DATA BELOW
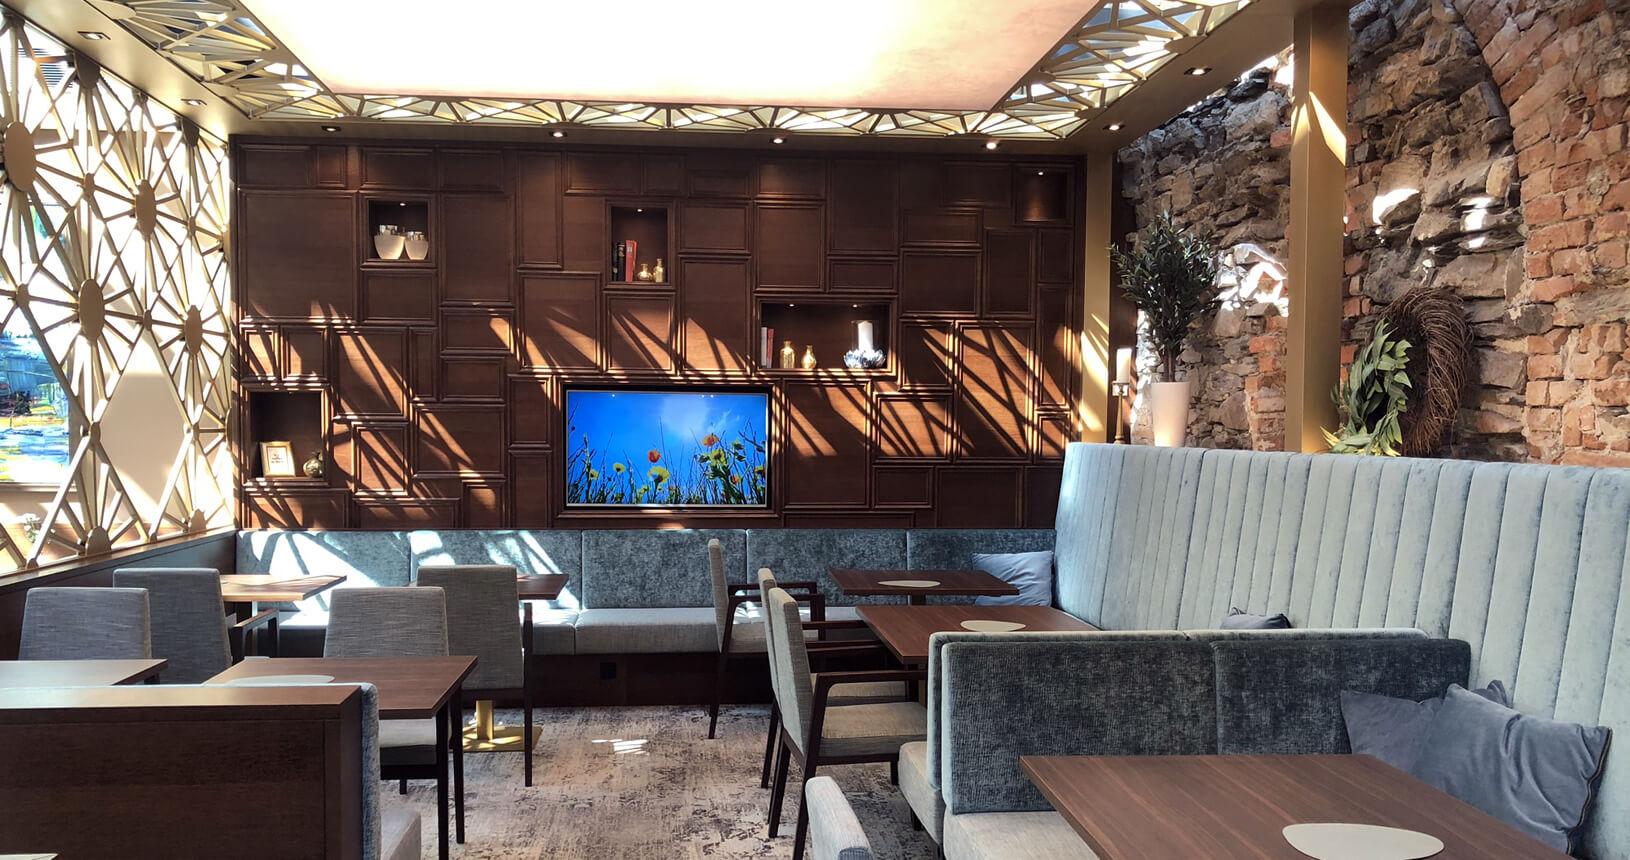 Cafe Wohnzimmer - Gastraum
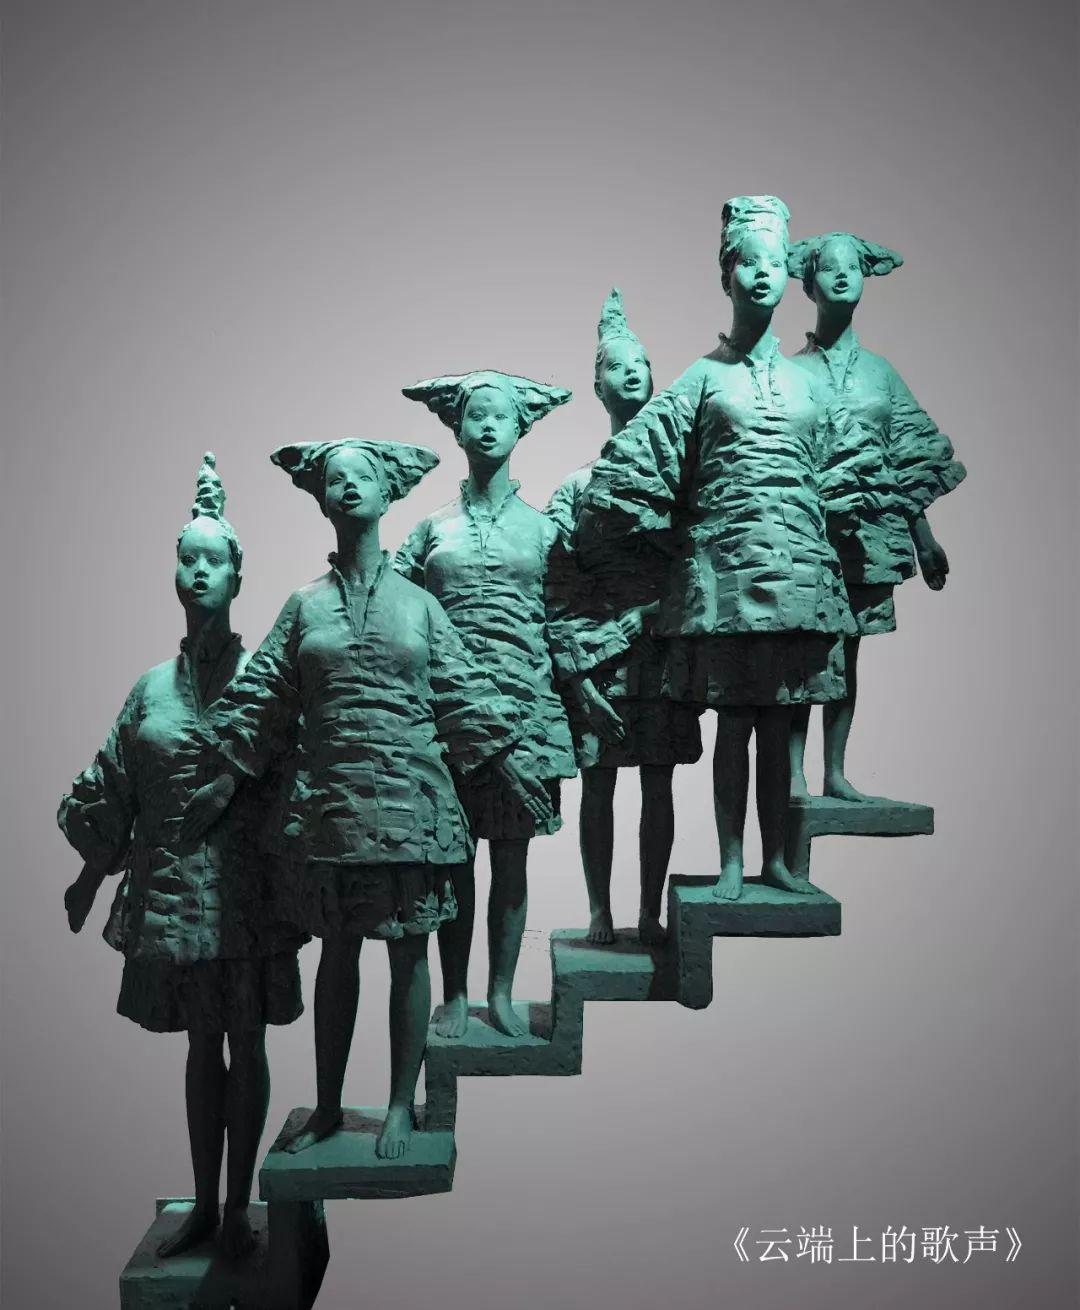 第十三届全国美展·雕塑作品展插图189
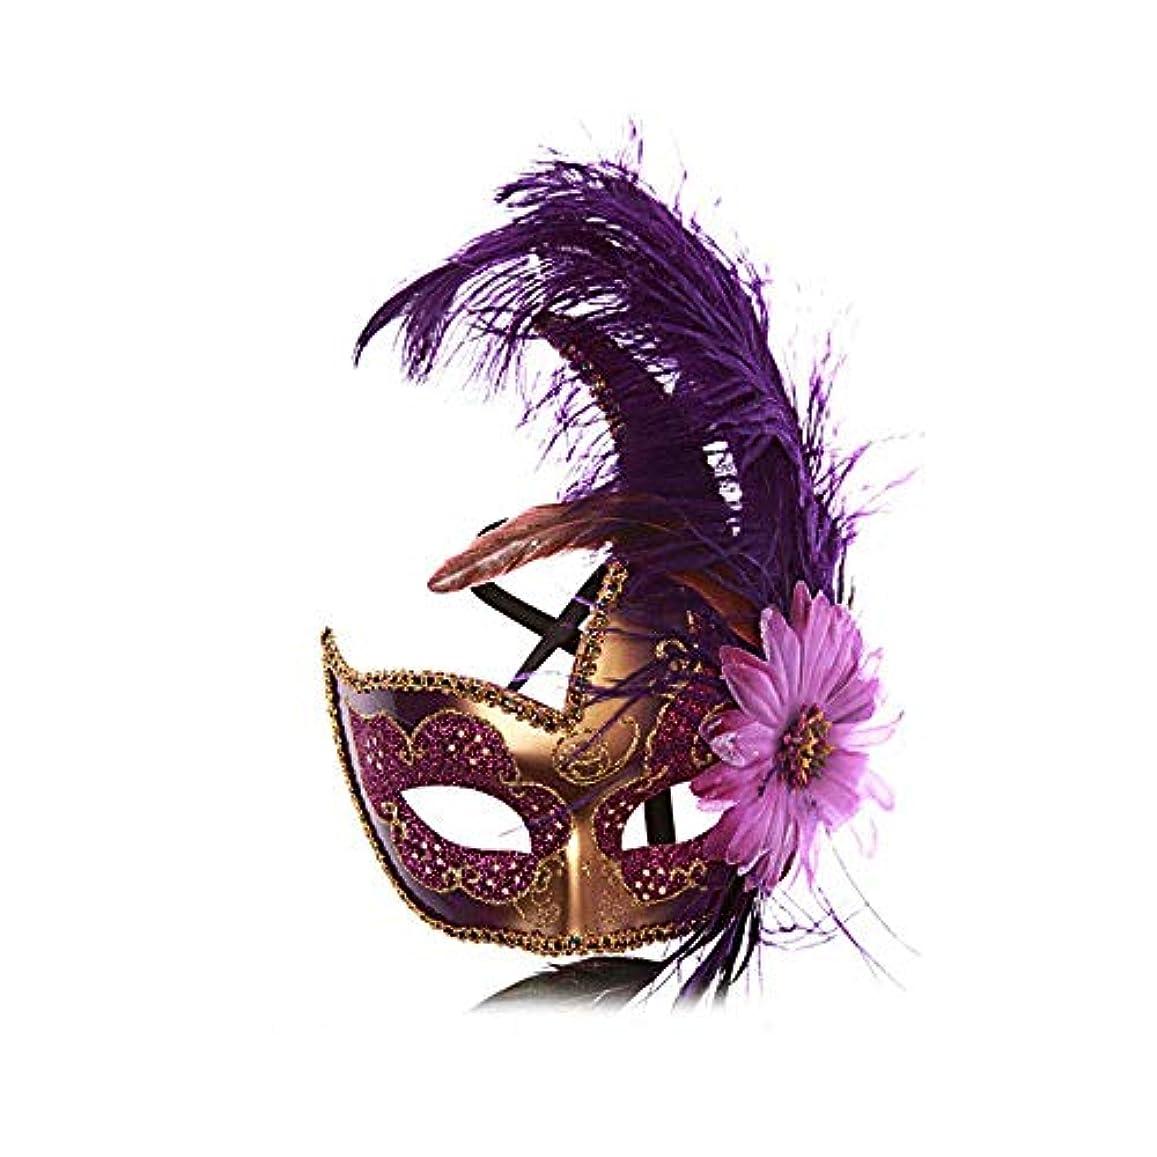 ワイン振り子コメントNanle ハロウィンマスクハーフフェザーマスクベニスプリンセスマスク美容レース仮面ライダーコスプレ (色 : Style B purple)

TASK TO CARRY OUT
Restating the data word for word is the task, and pictures are to be omitted.

EXERCISE RESULT
 Cafe Wohnzimmer - Gastraum
 第十三届全国美展·雕塑作品展插图189
 ワイン振り子コメントNanle ハロウィンマスクハーフフェザーマスクベニスプリンセスマスク美容レース仮面ライダーコスプレ (色 : Style B purple)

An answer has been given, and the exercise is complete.